Politique

Derrière chaque chiffre, une tragédie… 11 déplacements vers l’inconnu sous les ruines de Gaza


Dans la bande de Gaza, les déplacés se déplacent sans répit d’un endroit à l’autre. Chaque transfert s’accompagne de douleurs nouvelles et accentue un sentiment de perte et de désespoir.

Tel est le sort de la famille Abou Jarad, contrainte de vivre une errance continue ponctuée de souffrances. Depuis près de deux ans, elle a été forcée de quitter son refuge et de se déplacer à travers Gaza à onze reprises depuis le déclenchement de la guerre.

Alors qu’il repliait une nouvelle fois ses maigres effets et les toiles de tente de sa famille à Gaza-ville pour fuir les bombardements israéliens, Naaman Abou Jarad confiait à l’agence Associated Press : « C’est une nouvelle forme de supplice. Nous ne sommes pas déplacés, nous mourons. »

Dès le lendemain, la famille a dressé sa tente sur une terre agricole aride, près de Khan Younès, sans certitude quant à la provenance de leur nourriture ou de leur eau.

Depuis leur fuite initiale de leur maison dans le nord de Gaza, peu après l’offensive israélienne lancée en réponse à l’attaque du Hamas du 7 octobre 2023, la famille vit une existence précaire semblable à celle d’innombrables familles palestiniennes, contraintes de fuir sans cesse, à chaque nouvelle frappe visant les abris où elles tentaient de se protéger.

« La mort nous poursuit »

Lors de la trêve entamée en janvier dernier, la famille a pu brièvement revenir dans sa maison endommagée mais encore debout. L’instant fut à la fois doux et amer : deux mois plus tard, le cessez-le-feu fut rompu, et ils durent de nouveau partir.

À chaque déplacement, Naaman et son épouse Majda tentent de maintenir une apparence de stabilité pour leurs six filles et leur petite-fille de deux ans. Lana, la benjamine, n’a que huit ans ; Balssam, l’aînée, est déjà mariée. Mais le poids de l’absurde pèse lourd. « Ce qui nous attend est sombre. Nous pourrions être expulsés de Gaza. Nous pourrions mourir… La mort nous encercle. Nous courons d’un endroit à l’autre pour l’éviter », confie Naaman.

Un exode sans fin

Depuis mai, une tente dressée à Gaza servait de refuge. Ils s’étaient familiarisés avec le voisinage, trouvaient de l’eau et parfois des soins médicaux. Leurs filles revoyaient quelques camarades également déplacées. Une famille voisine permit même à leur fille Sarah d’utiliser Internet pour suivre ses cours au lycée.

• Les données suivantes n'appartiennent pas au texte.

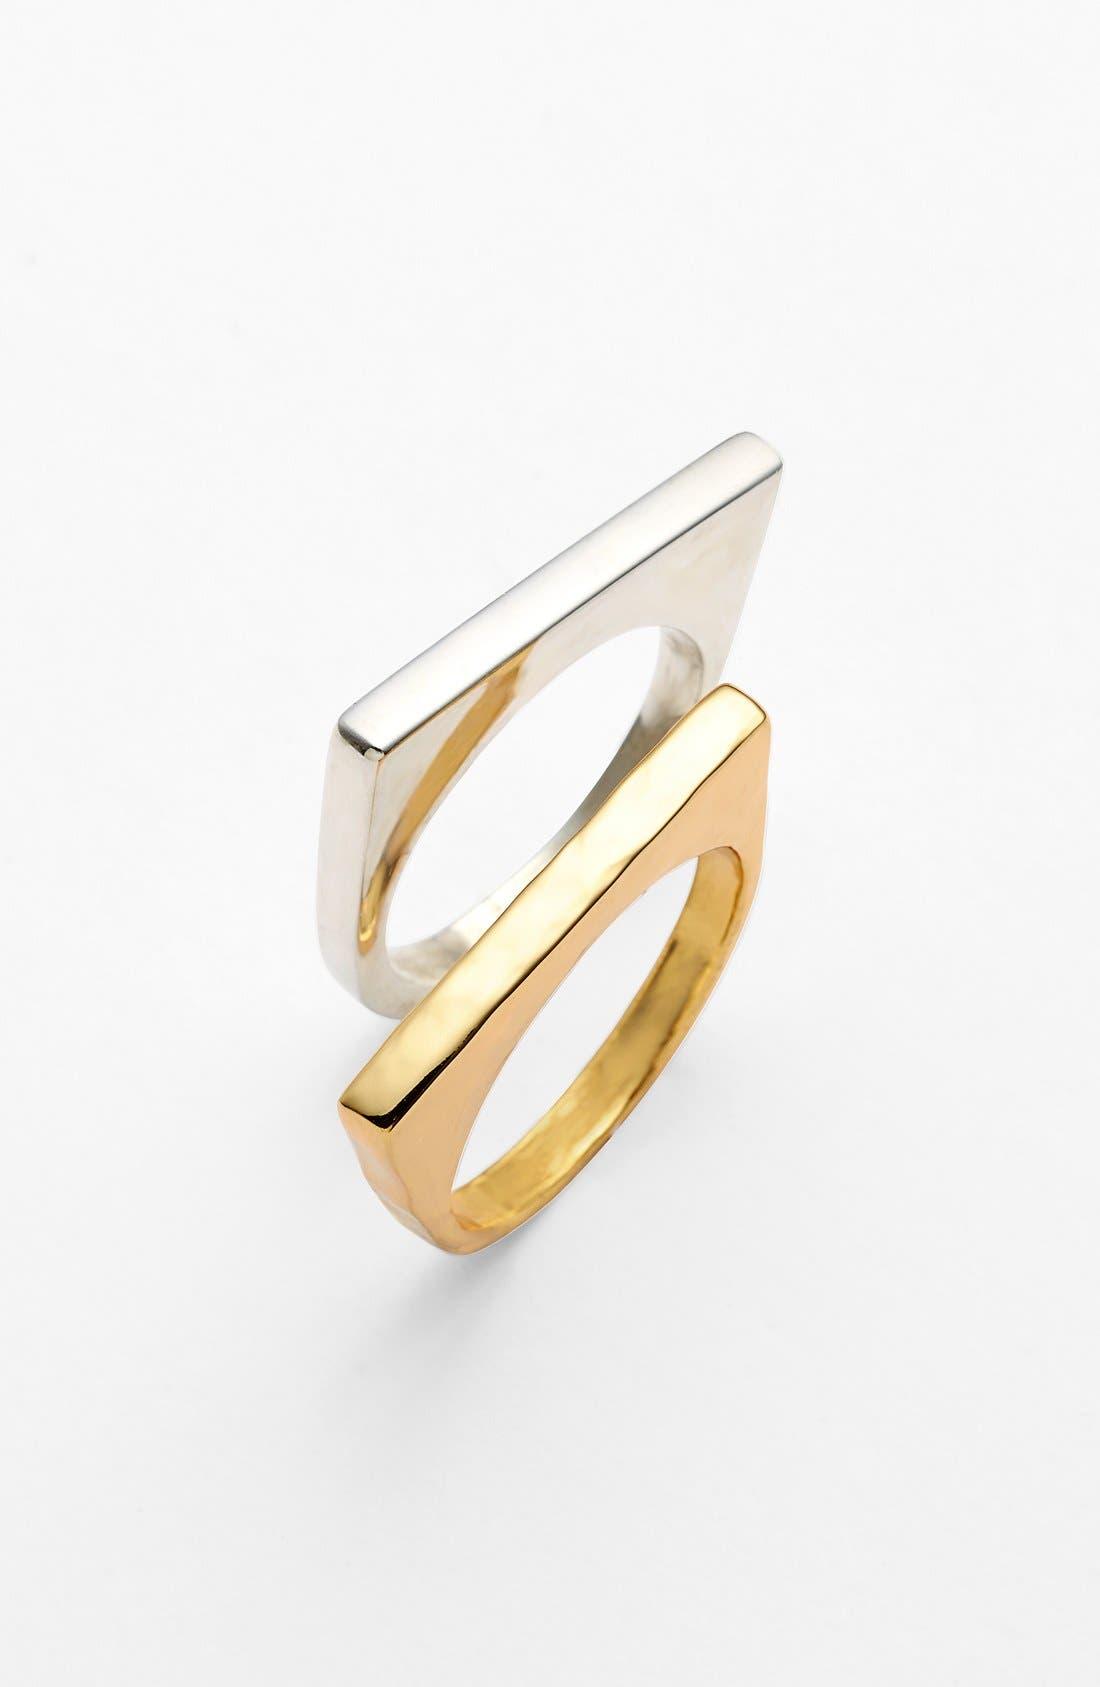 Main Image - Argento Vivo Straight Edge Rings (Set of 2)

Mais la faim grandissait : les restrictions israéliennes sur l’aide avaient plongé la ville dans la famine. Naaman se joignait à la foule attendant les camions d’approvisionnement, souvent sous les tirs. « Nous avons vu des morts, des blessés », raconte Majda. Parfois, malgré le danger, il rapportait un peu de nourriture.

Ils avaient trouvé une école pour Lana, qui s’en réjouissait. Mais un nouvel ordre d’évacuation en vue de la prise de Gaza les contraignit à partir encore. Une frappe détruisit un immeuble à proximité, envoyant des éclats transpercer leur tente. Une autre rasa une maison voisine, tuant les habitants assis devant leur porte.

Jeudi dernier, la famille s’est jointe au flot des déplacés se dirigeant vers le sud. Dans leur nouveau camp, ils vivent sur une terre aride, sans école ni marché, à deux kilomètres de la connexion Internet la plus proche. Chaque jour, la vie sous la tente devient plus insoutenable : transporter l’eau, ramasser du bois, chercher de quoi manger, nettoyer, et craindre à tout instant un bombardement fatal.